◆ WORK TO BE COMPLETED ◆
From the line that holds "Agrupación Murguera A Troche & Moche" down to the last line of the listing below, transcribe exactly and only those lines. Leave pictures out.

◆ INPUT DATA ◆
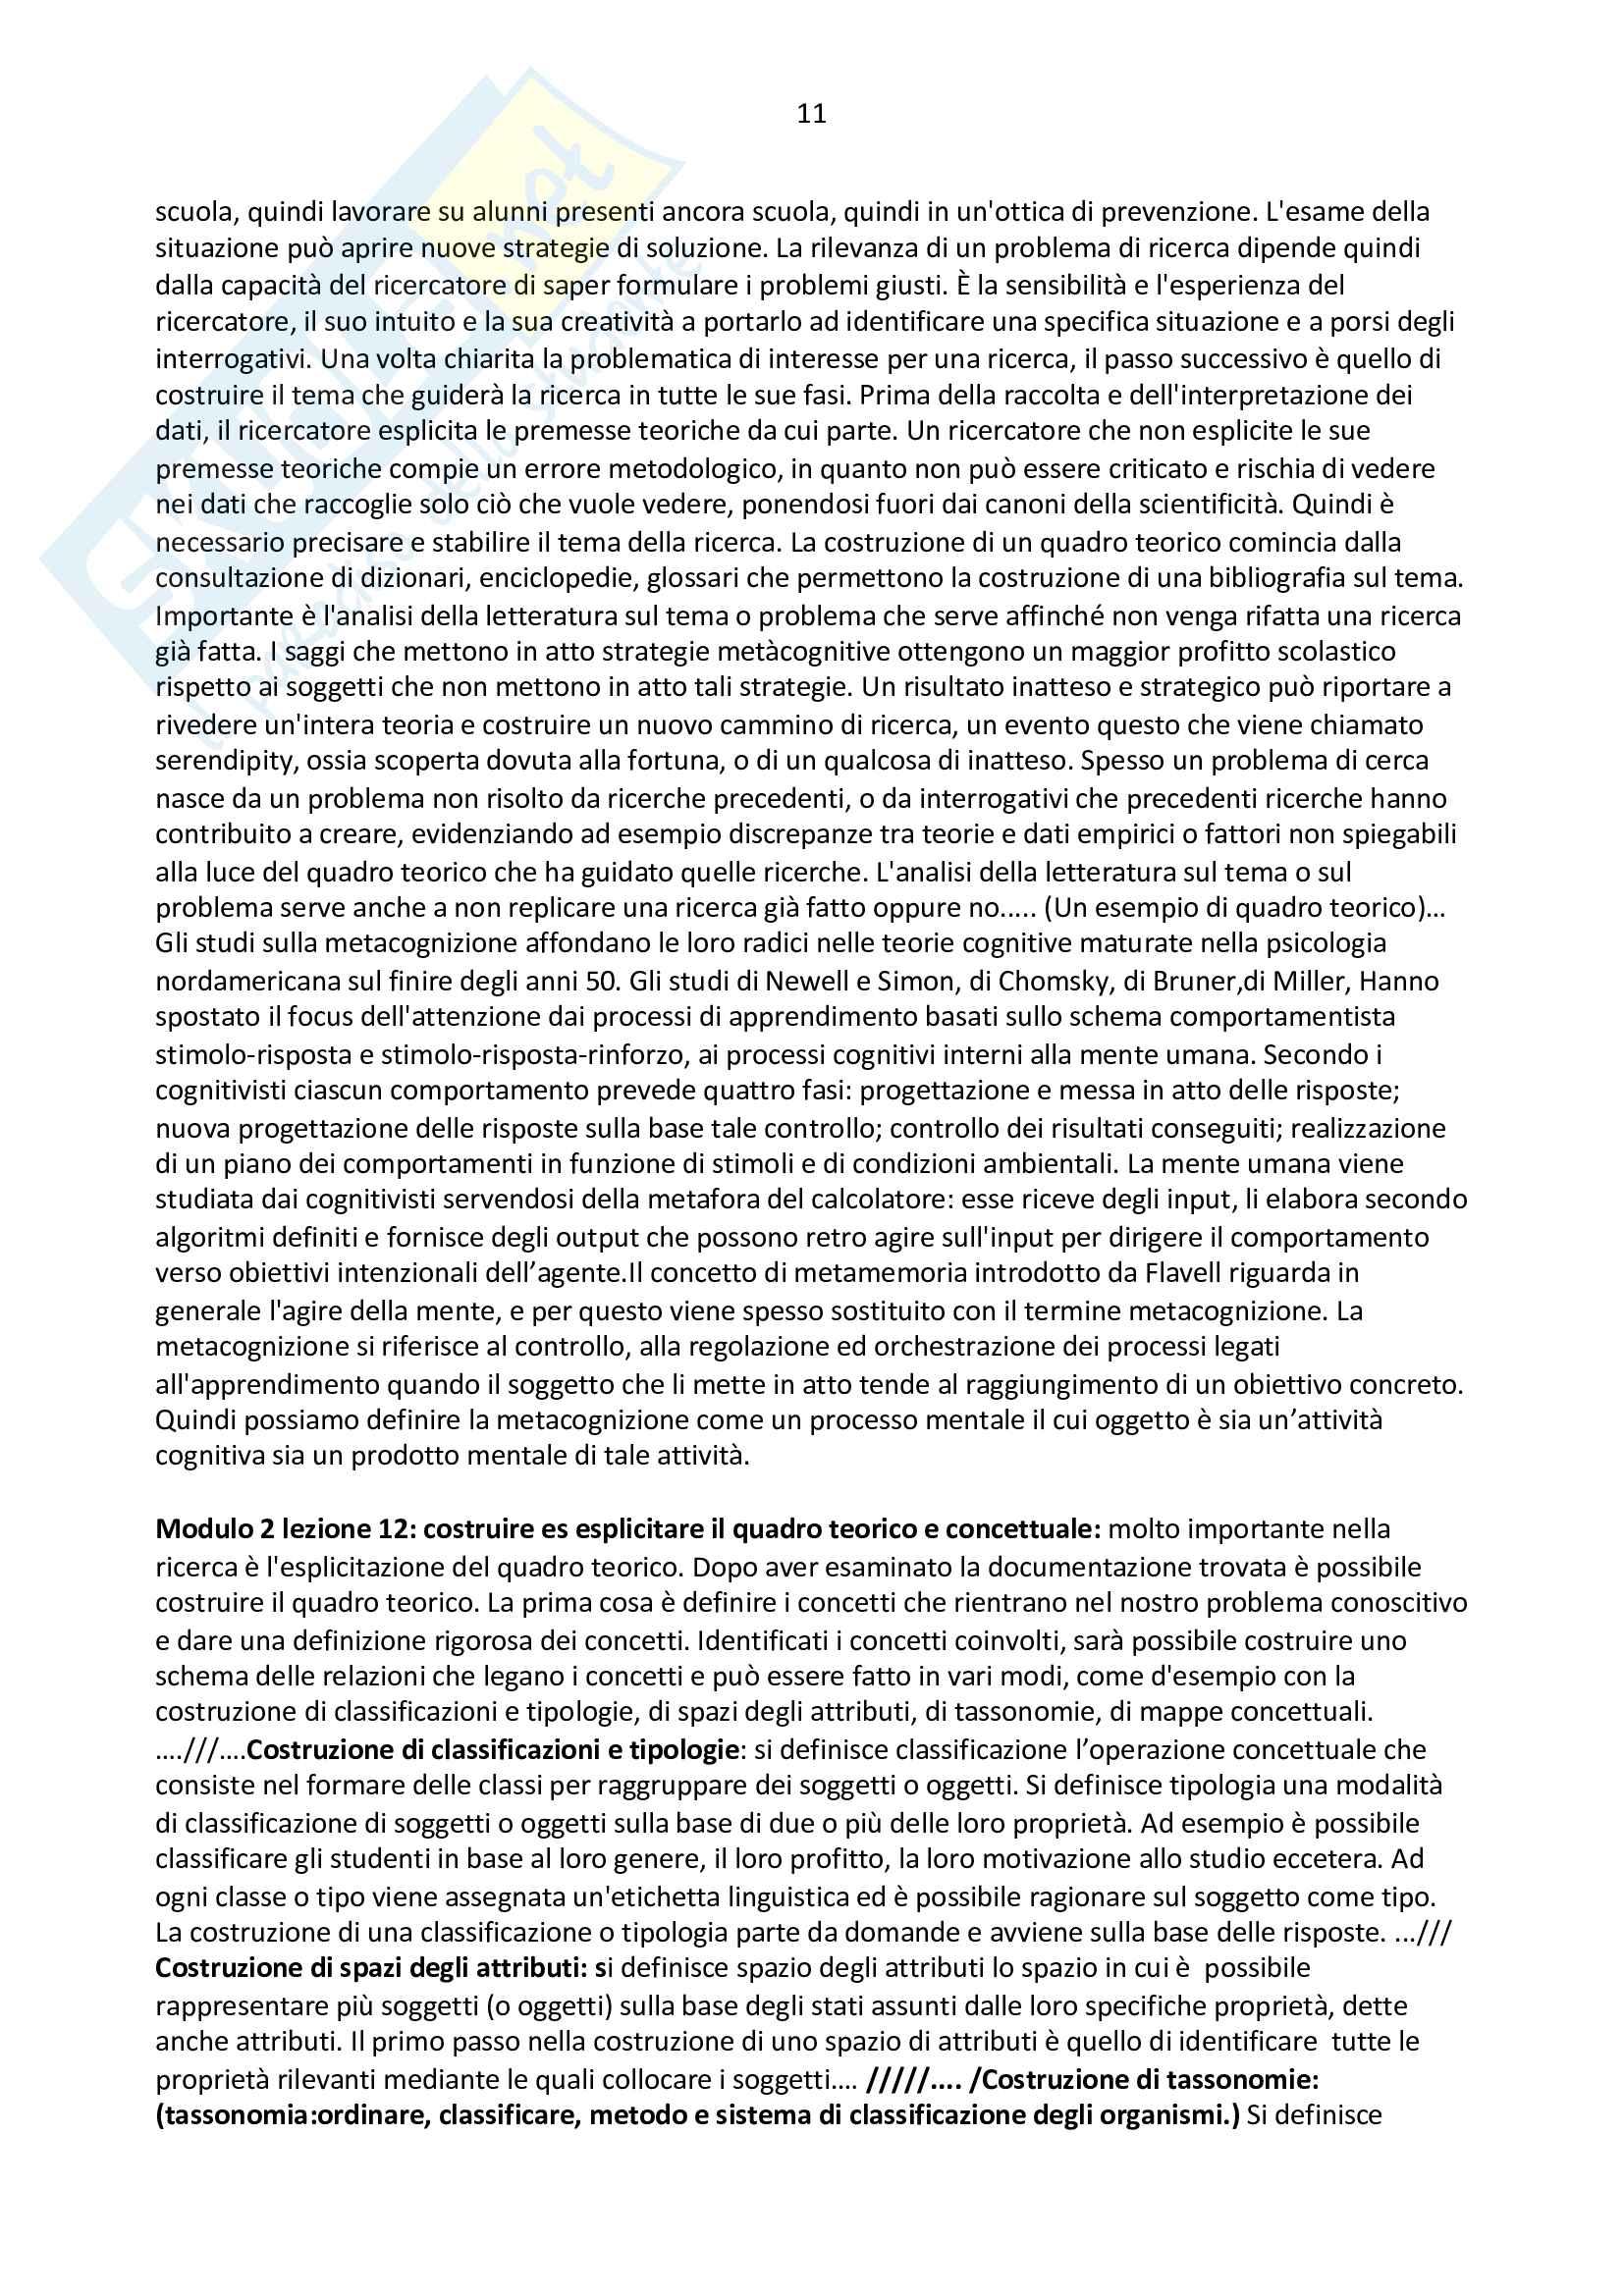 Riassunto pedagogia sperimentale - prof Melchiori Pag. 11
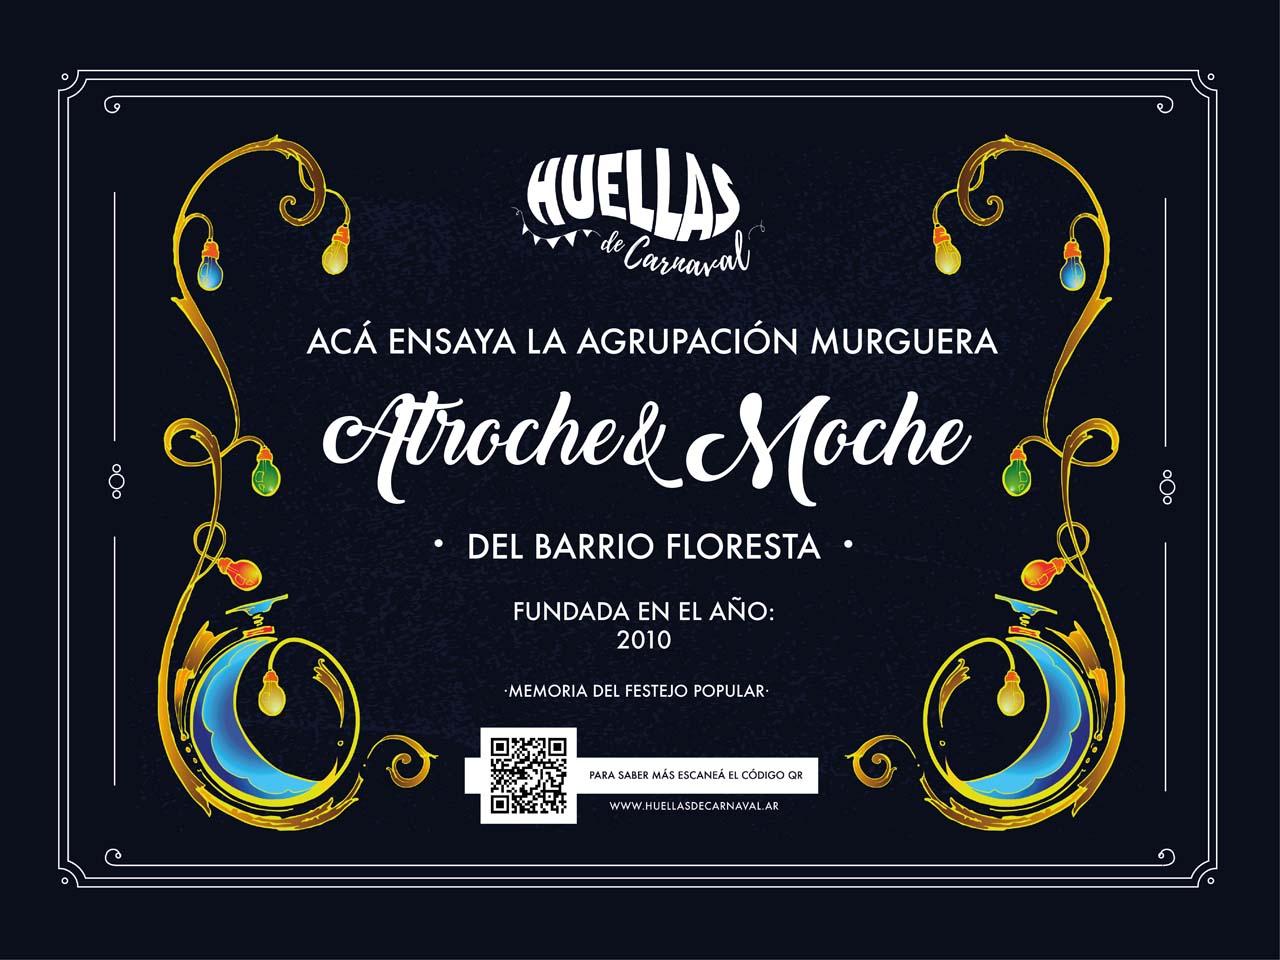 Agrupación Murguera A Troche & Moche
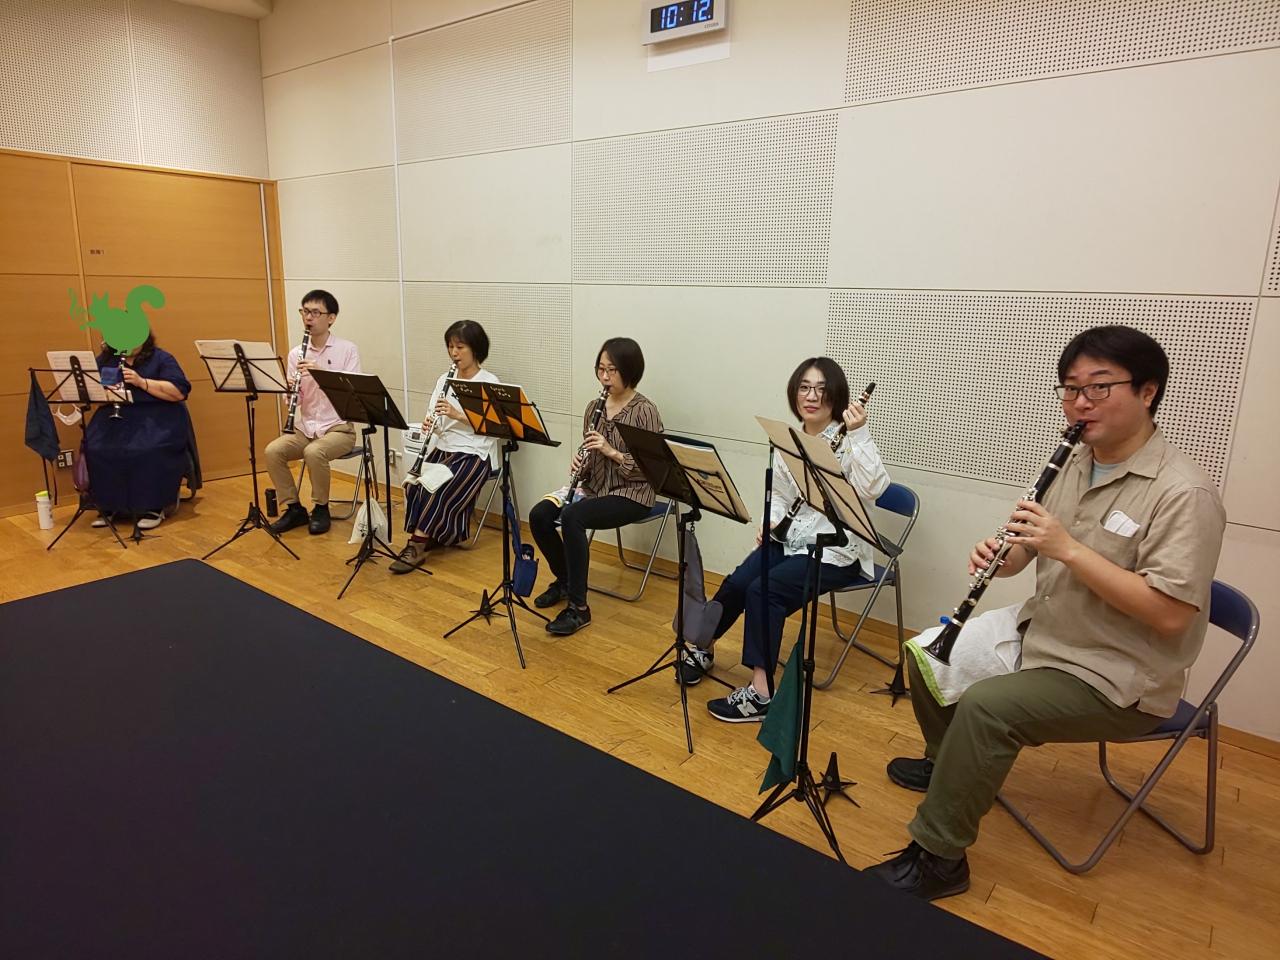 各自練習する中級者アンサンブルメンバー

◆ REPLY TO THE EXERCISE ◆
 Agrupación Murguera A Troche & Moche
 各自練習する中級者アンサンブルメンバー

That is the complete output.